Computational Basis of LLM's Decision Making in Social Simulation
Ji Ma
TL;DR
This work introduces activation-based steering to investigate how social concepts are encoded in LLM internal representations and how they causally influence decisions. By extracting, orthogonalizing, and injecting targeted steering vectors in the residual streams, the authors conduct controlled virtual social experiments (Dictator Game) to probe variable-specific effects such as framing and gender. The results show that internal representations encode social variables with varying strength and depth, that directional alignment does not always predict magnitude, and that well-posed perturbations can bias decisions in a controlled, legible way. The approach provides a theory-grounded, auditable framework for interrogating and shaping LLM behavior in social simulations, with implications for alignment, debiasing, and industry applications, while noting the need for external sociological validation against human data.
Abstract
Large language models (LLMs) increasingly serve as human-like decision-making agents in social science and applied settings. These LLM-agents are typically assigned human-like characters and placed in real-life contexts. However, how these characters and contexts shape an LLM's behavior remains underexplored.

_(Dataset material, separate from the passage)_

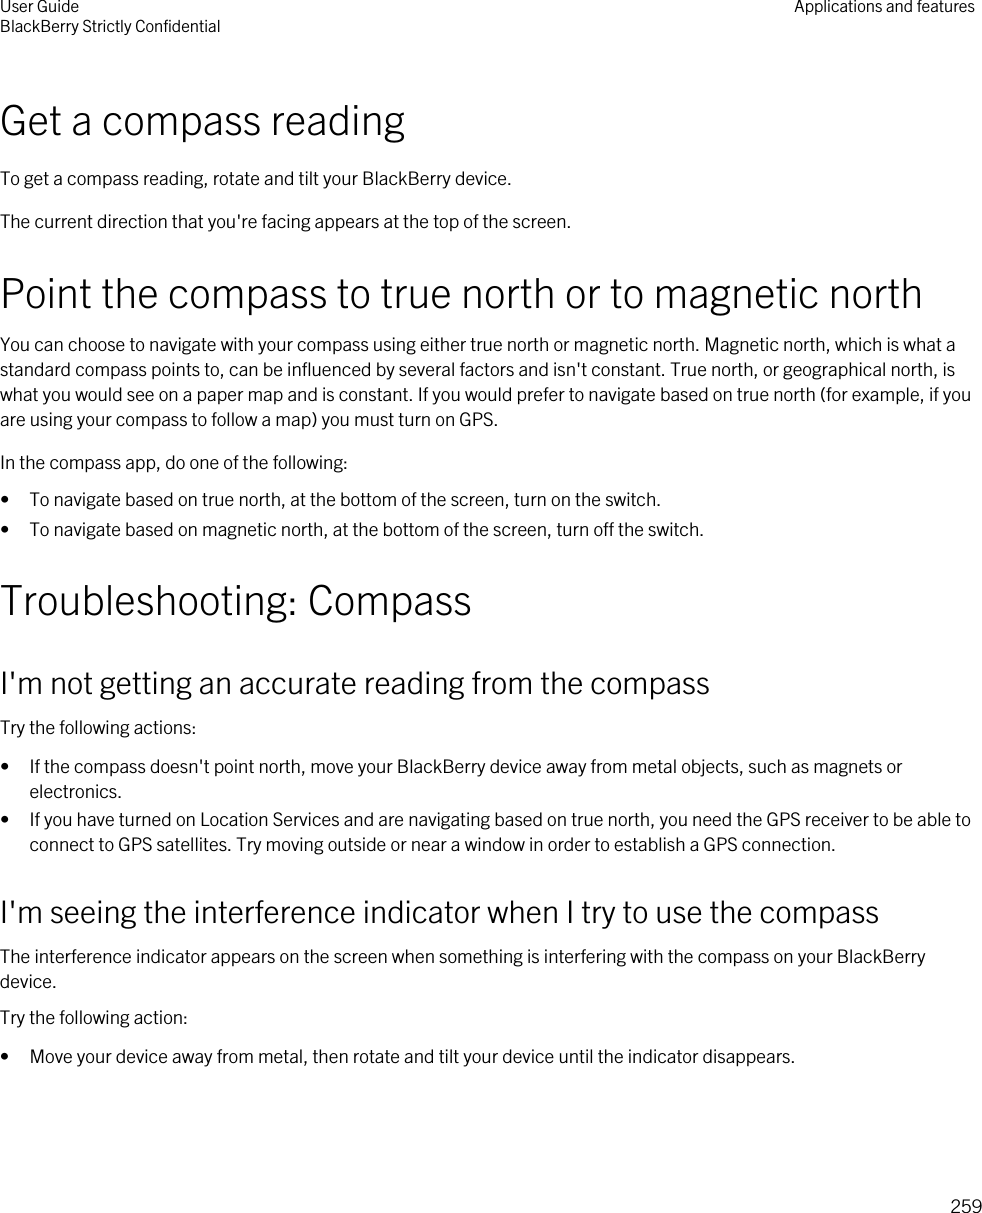 Get a compass readingTo get a compass reading, rotate and tilt your BlackBerry device.The current direction that you&apos;re facing appears at the top of the screen.Point the compass to true north or to magnetic northYou can choose to navigate with your compass using either true north or magnetic north. Magnetic north, which is what a standard compass points to, can be influenced by several factors and isn&apos;t constant. True north, or geographical north, is what you would see on a paper map and is constant. If you would prefer to navigate based on true north (for example, if you are using your compass to follow a map) you must turn on GPS.In the compass app, do one of the following:• To navigate based on true north, at the bottom of the screen, turn on the switch.• To navigate based on magnetic north, at the bottom of the screen, turn off the switch.Troubleshooting: CompassI&apos;m not getting an accurate reading from the compassTry the following actions:• If the compass doesn&apos;t point north, move your BlackBerry device away from metal objects, such as magnets or electronics.• If you have turned on Location Services and are navigating based on true north, you need the GPS receiver to be able to connect to GPS satellites. Try moving outside or near a window in order to establish a GPS connection.I&apos;m seeing the interference indicator when I try to use the compassThe interference indicator appears on the screen when something is interfering with the compass on your BlackBerry device.Try the following action:• Move your device away from metal, then rotate and tilt your device until the indicator disappears.User GuideBlackBerry Strictly Confidential Applications and features259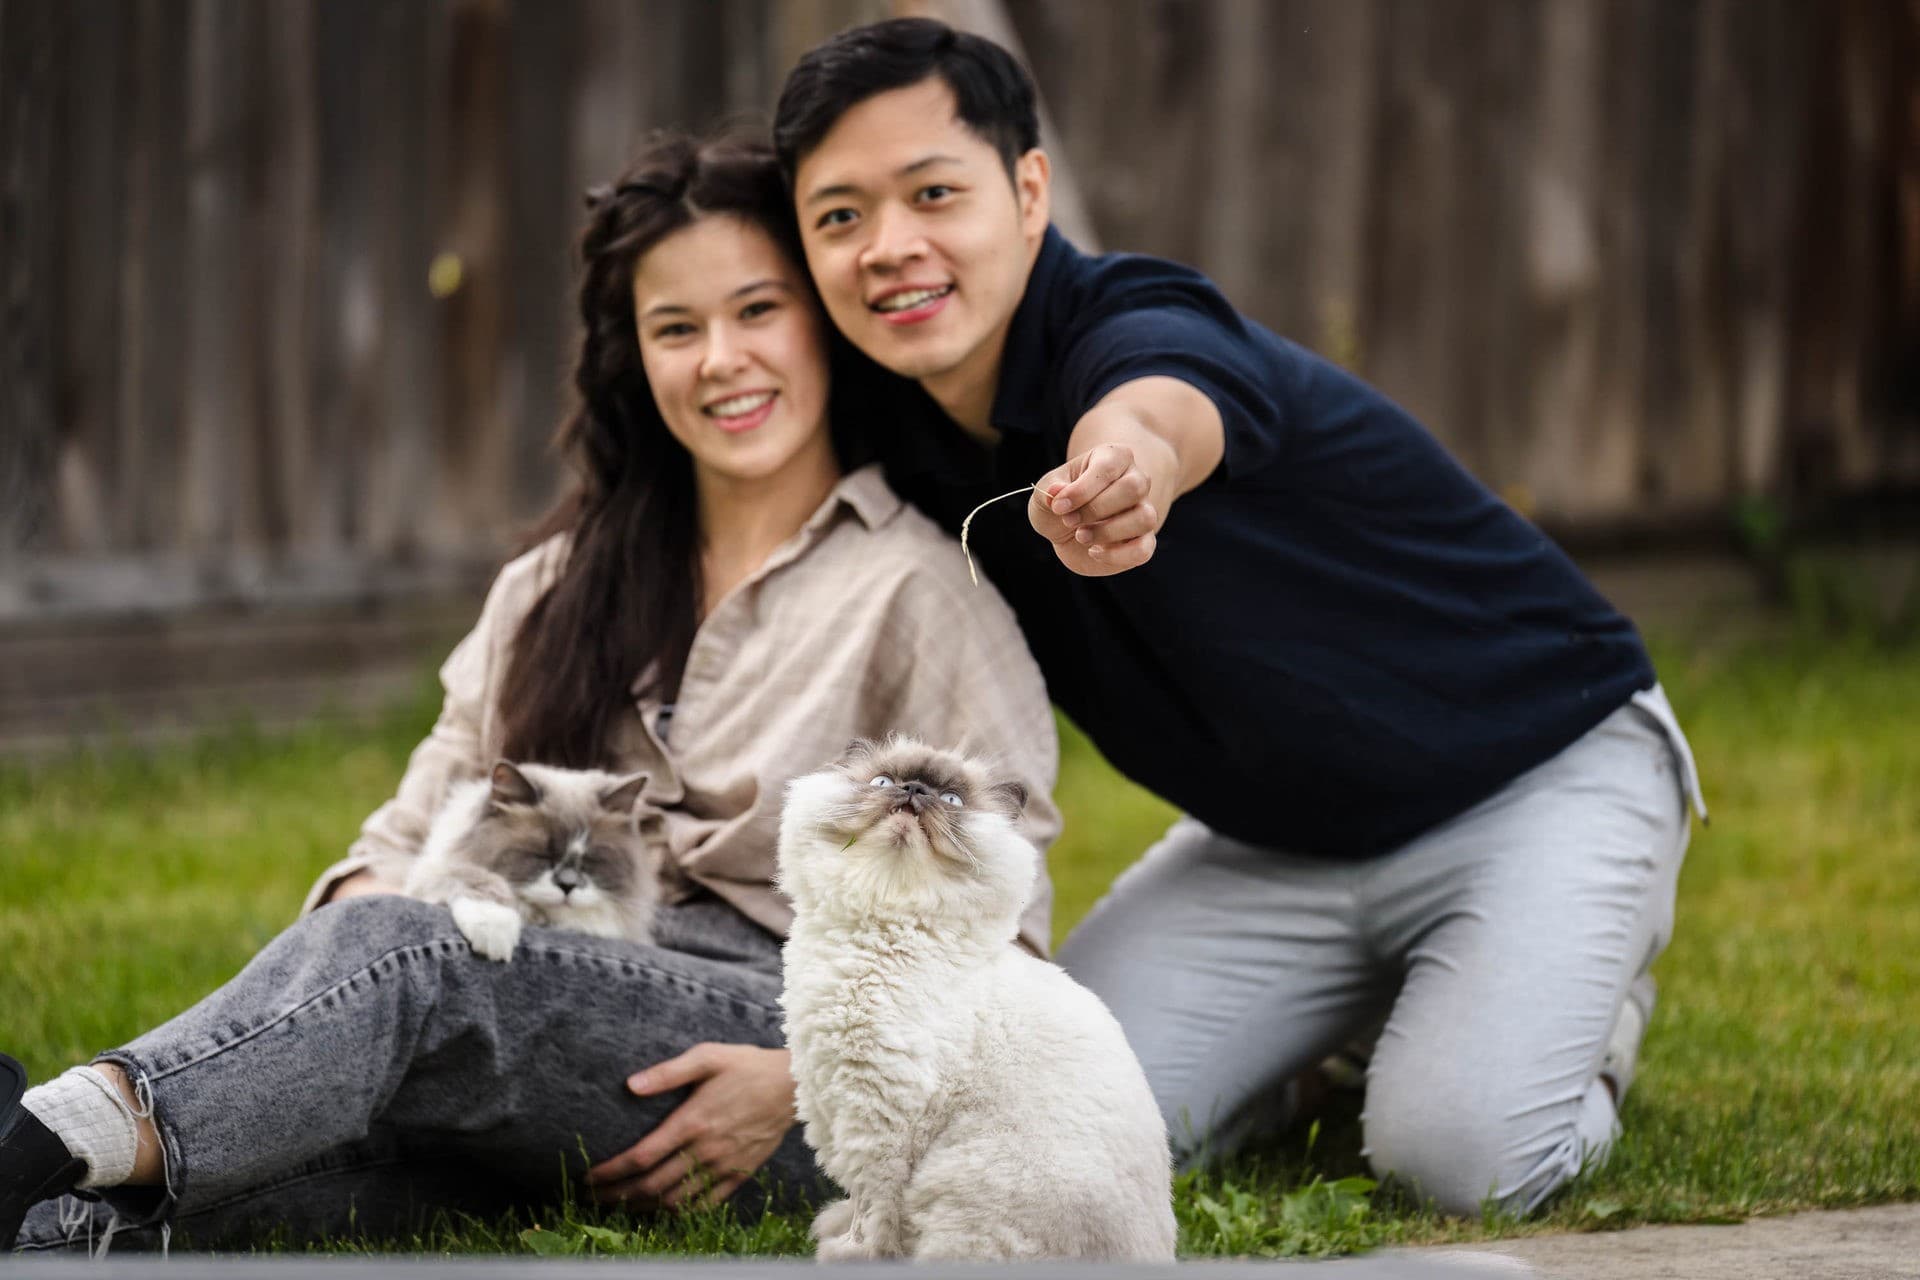 Vancouver Pet Photoshoot: Capturing Love, Life and Furry Friends

This study proposes and tests methods for probing, quantifying, and modifying an LLM's internal representations in a Dictator Game, a classic behavioral experiment on fairness and prosocial behavior. We extract ``vectors of variable variations'' (e.g., ``male'' to ``female'') from the LLM's internal state. Manipulating these vectors during the model's inference can substantially alter how those variables relate to the model's decision-making. This approach offers a principled way to study and regulate how social concepts can be encoded and engineered within transformer-based models, with implications for alignment, debiasing, and designing AI agents for social simulations in both academic and commercial applications, strengthening sociological theory and measurement.